Markets & News

German Bonds Seen Outperforming With Elections Vexing Investors

German government bonds may gain next week along with the rest of the euro region’s core debt market as investors seek havens before unprecedented political events later this month.

Britain’s referendum on its European Union membership and Spain’s repeat elections are approaching, and bonds from Germany, France and the Netherlands have been outperforming their peripheral peers in the past month as analysts reckoned a U.K. vote on June 23 to leave the EU will hurt lower-rated European nations. The price of France’s bond maturing in 2066 rose above its par value for the first time since it was issued in April.

“Our view into next week is bullish on core European government bonds,” said Antoine Bouvet, a London-based rates strategist at Mizuho International Plc. “The re-pricing by the market of upcoming event risks in June will support those markets.
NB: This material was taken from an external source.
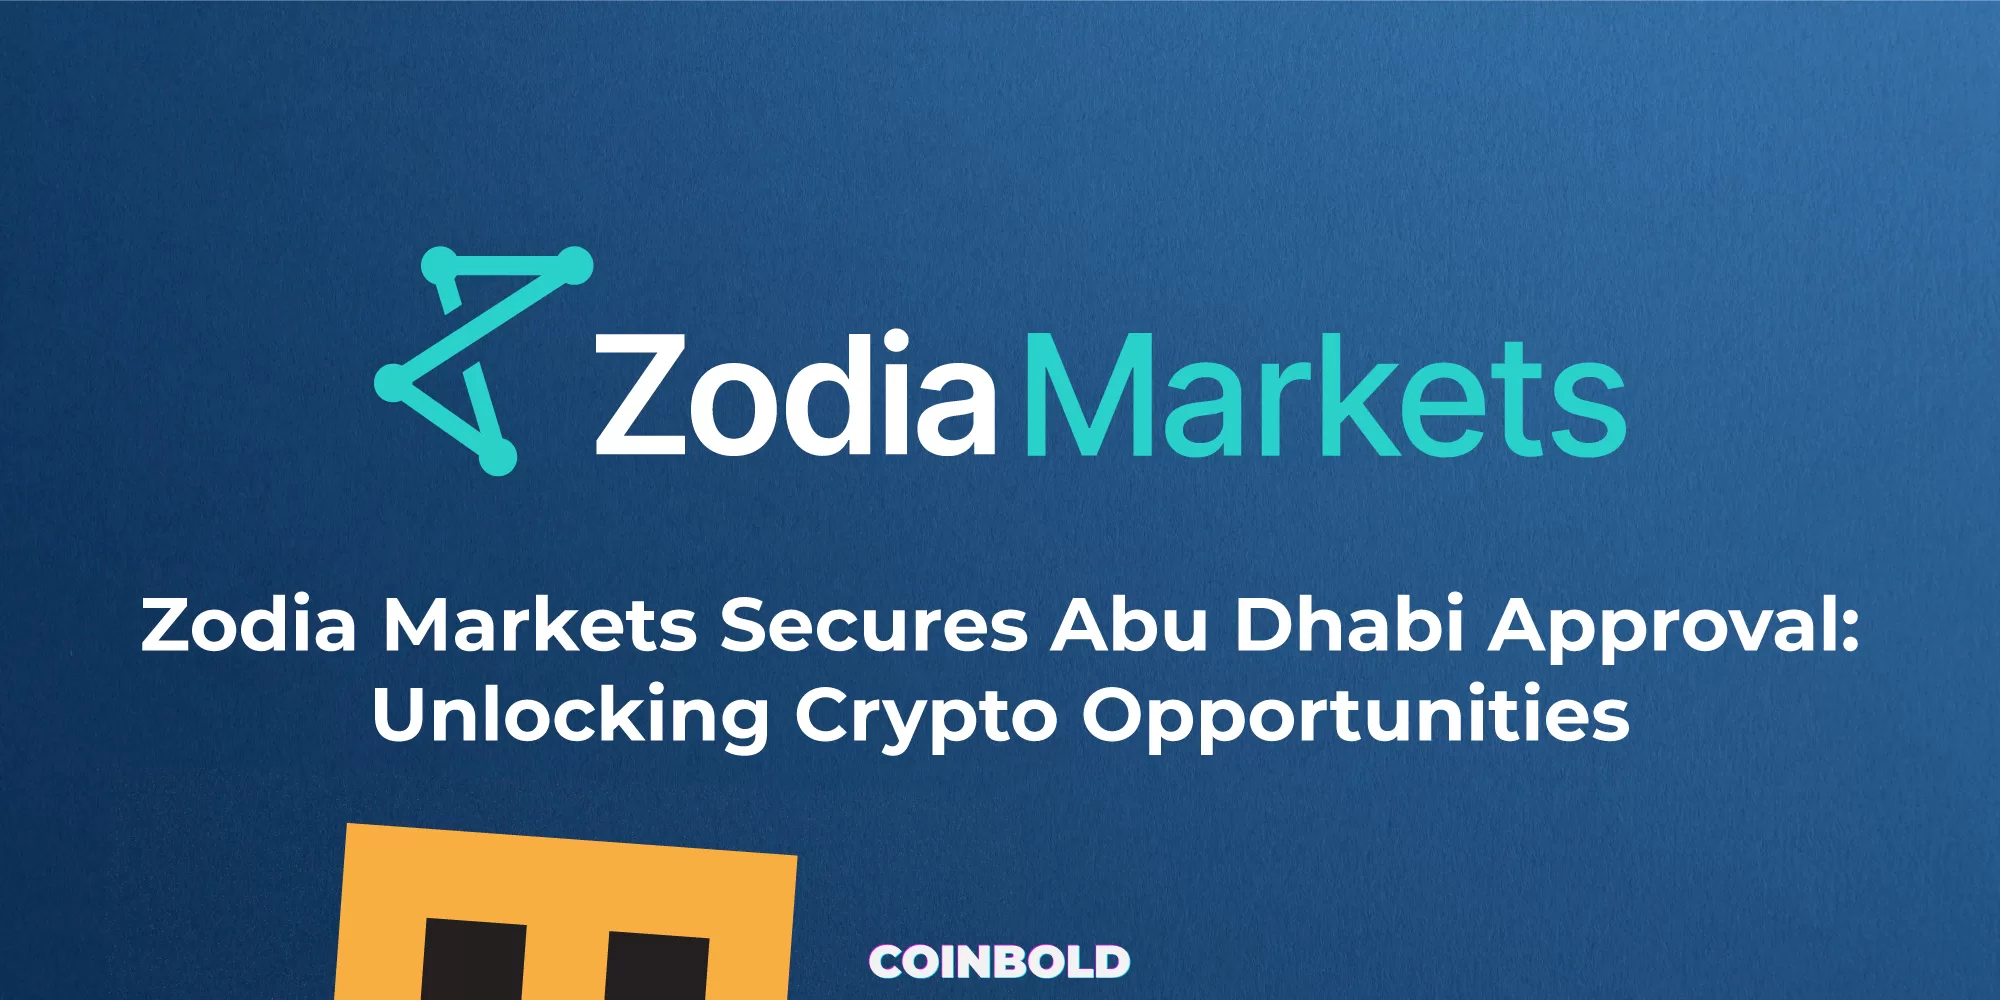 Zodia Markets Secures Abu Dhabi Approval Unlocking Crypto Opportunities jpg.webp

Both the Spanish elections and the U.K. EU membership referendum vote are bearish factors for the periphery,” as results may increase a perceived risk that the euro area breaks up.

The yield on Germany’s 10-year bund fell seven basis points, or 0.07 percentage point, to 0.07 percent in the week, as of the 5 p.m. close in London on Friday, having touched 0.065 percent, the lowest since April 2015. The 0.5 percent security due in February 2026 rose 0.68, or 6.80 euros per 1,000-euro ($1,133) face amount, to 104.17.

Italian Spread

Italy’s yield spread over the German securities increased five basis points in the week to 1.26 percentage points. Spain’s 10-year spread widened six basis points to 1.40 percentage points, the first increase in three weeks.

ICM polls released May 31 by the Guardian newspaper showed a three percentage-point lead for the ‘Leave’ camp in both the online and telephone surveys. Spain will hold a repeat election on June 26, after the two parties that have taken turns leading the nation since the early 1980s failed to form a government after elections six months ago.

Core European government bonds “should be supported by growing uncertainty” as global risks events such as the U.K. referendum approaches, said Jan Von Gerich, chief strategist at Nordea Bank AB in Helsinki. “The polls are unlikely to give a conclusive picture ahead of the vote, meaning the markets will probably price more uncertainty.”

The yields on eight- and nine-year German bonds dropped to records on Friday after a report showed U.S. employers added just 38,000 jobs in May, the fewest since September 2010.